Tumor cell content (TCC) and ploidy of a sample were estimated using a method adapted from ACEseq (manuscript in preparation). For TCC estimation values in the range of 0.15–1.0 were tested whereas a ploidy range between 1 and 6.5 was allowed. For each possible combination of TCC and ploidy, absolute copy numbers as well as allele-specific copy numbers and the decrease in heterozygosity (DH)28 were estimated segment-wise. Allele-specific copy numbers were calculated as total copy number divided by two for balanced segments and as a function of coverage and B-allele read counts in case of imbalanced segments. The weighted mean distance of all segments to the next allowed integer copy number state was calculated for total and allele-specific copy numbers. Here, allowed means even total copy number states for balanced segments and any integer copy number state for imbalanced segments and allele-specific copy numbers. TCC/ploidy combinations requiring negative copy number states or a DH larger than 1 for any segment were excluded. Local minima in the weighted mean distance were considered as possible TCC/ploidy solution for the sample and were visually evaluated. Additionally, TCC was estimated from the mutant allele fraction distribution of somatic SNVs and CNV-based and SNV-based estimates were compared.

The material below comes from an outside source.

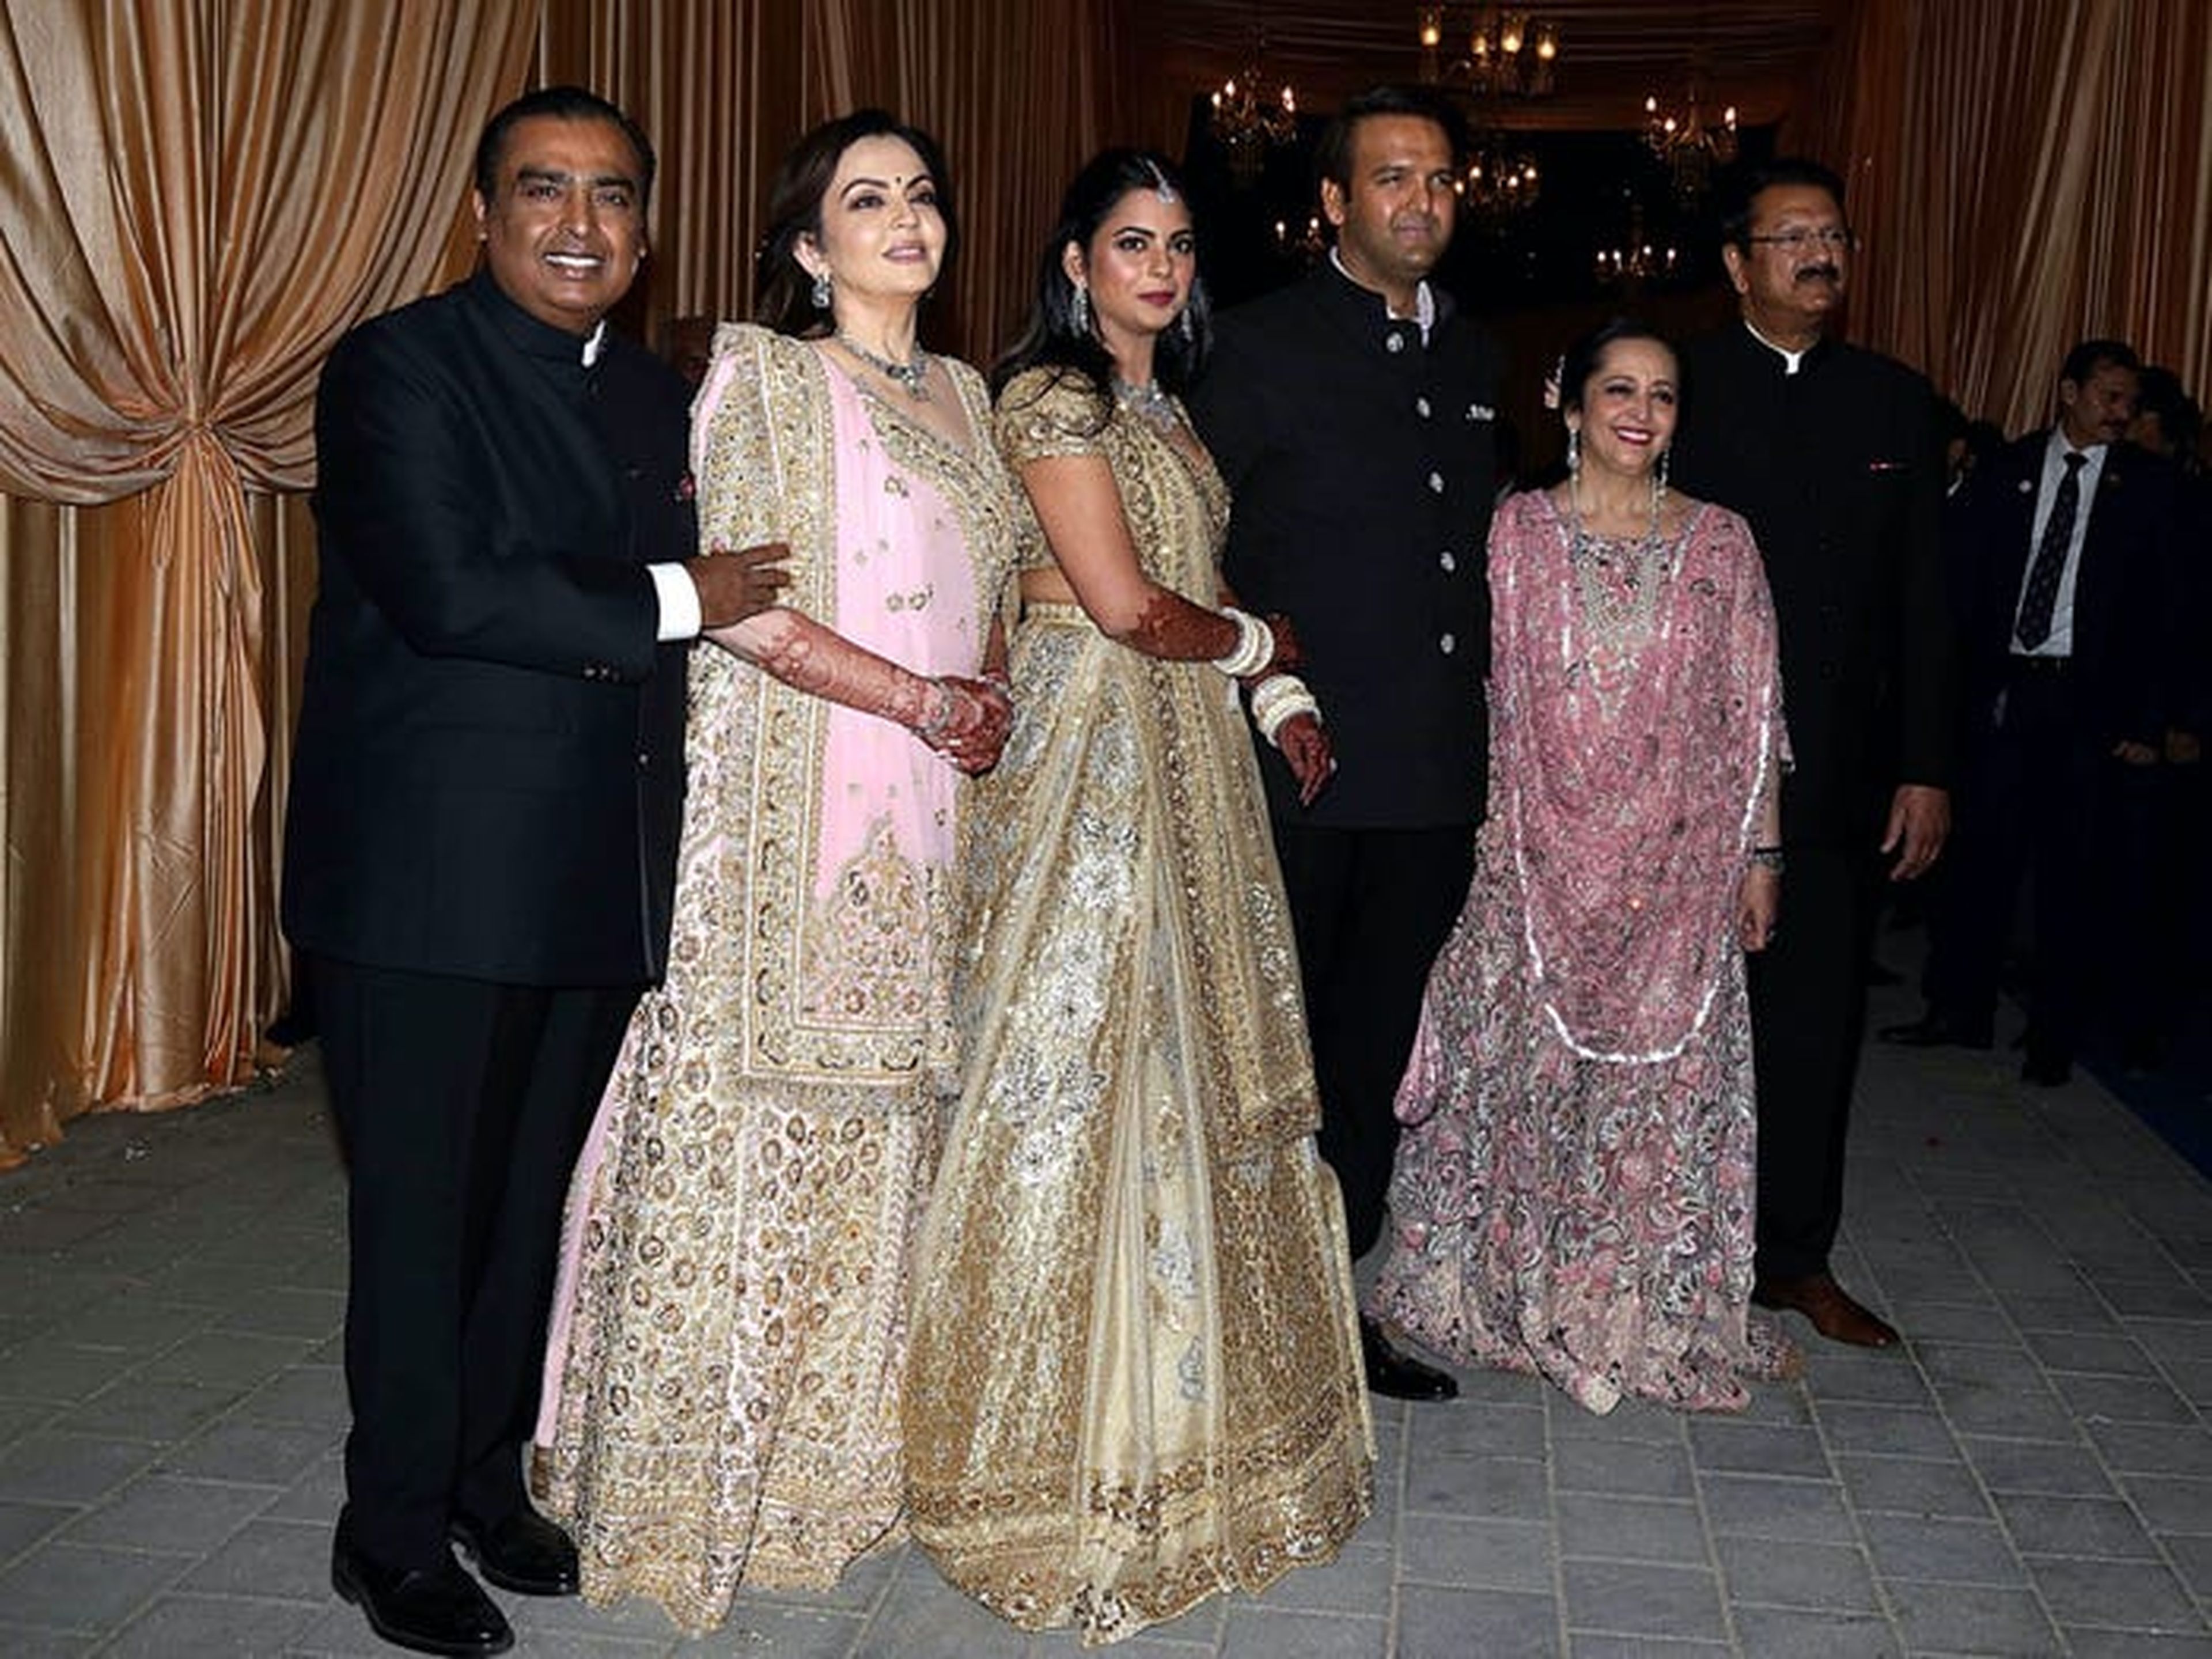 De izquierda a derecha: Mukesh Ambani, su esposa Nita Ambani, su hija Isha Ambani, el marido de Isha, Anand Piramal, Swati Piramal, y el empresario Ajay Piramal.

Due to low TCC, resulting in a weak signal for imbalance detection, some samples required manual adjustments. For the sample RCC-VTT-01 thrombus III (7), regions that were erroneously annotated as balanced by the automated detection were reclassified as imbalanced based on the coverage profile and comparison to the remaining samples from the same patient. B-allele read counts were recalculated for these segments and a rerun of ploidy and TCC estimation was performed. All samples from patients RCC-VTT-02 and RCC-VTT-03 showed a low TCC. Only one sample from RCC-VTT-02 (tumor (1)) had sufficient TCC for proper calling of allelic states. For all other RCC-VTT-02 samples the restrictions for balanced segments were loosened so they could be fitted to uneven copy numbers too to account for undetected imbalances. This lead to a better fit of the copy numbers though TCC was still estimated too high based on visual inspection of the BAF profiles and compared to the MAF estimates, most likely due to high subclonality or low signal due to the low TCC. RCC-VTT-02 tumor (1) was used as reference for the newly obtained calls to evaluate the allele-specific estimates as some of its CNAs were also expected to appear in the other samples with lower purity. The new ploidy fits were combined with TCCs that were based on the MAF estimates. Good results could be obtained with this approach with respect to small deviations from integer copy number states and overall comparison against RCC-VTT-02 tumor (1). For patient RCC-VTT-03, all samples showed low TCC (<30%, based on MAF estimates and visual inspection of BAF profiles), so no reliable estimates for balanced and imbalanced states could be achieved. As we were missing a reference for this case, no allele specific copy numbers could be obtained for this patient. Similar to RCC-VTT-02, TCC was based on the MAF distribution whereas the ploidies were estimated with the constraint that the lowest observed coverage had to correspond to one copy and the majority of the genome fitted to a diploid state.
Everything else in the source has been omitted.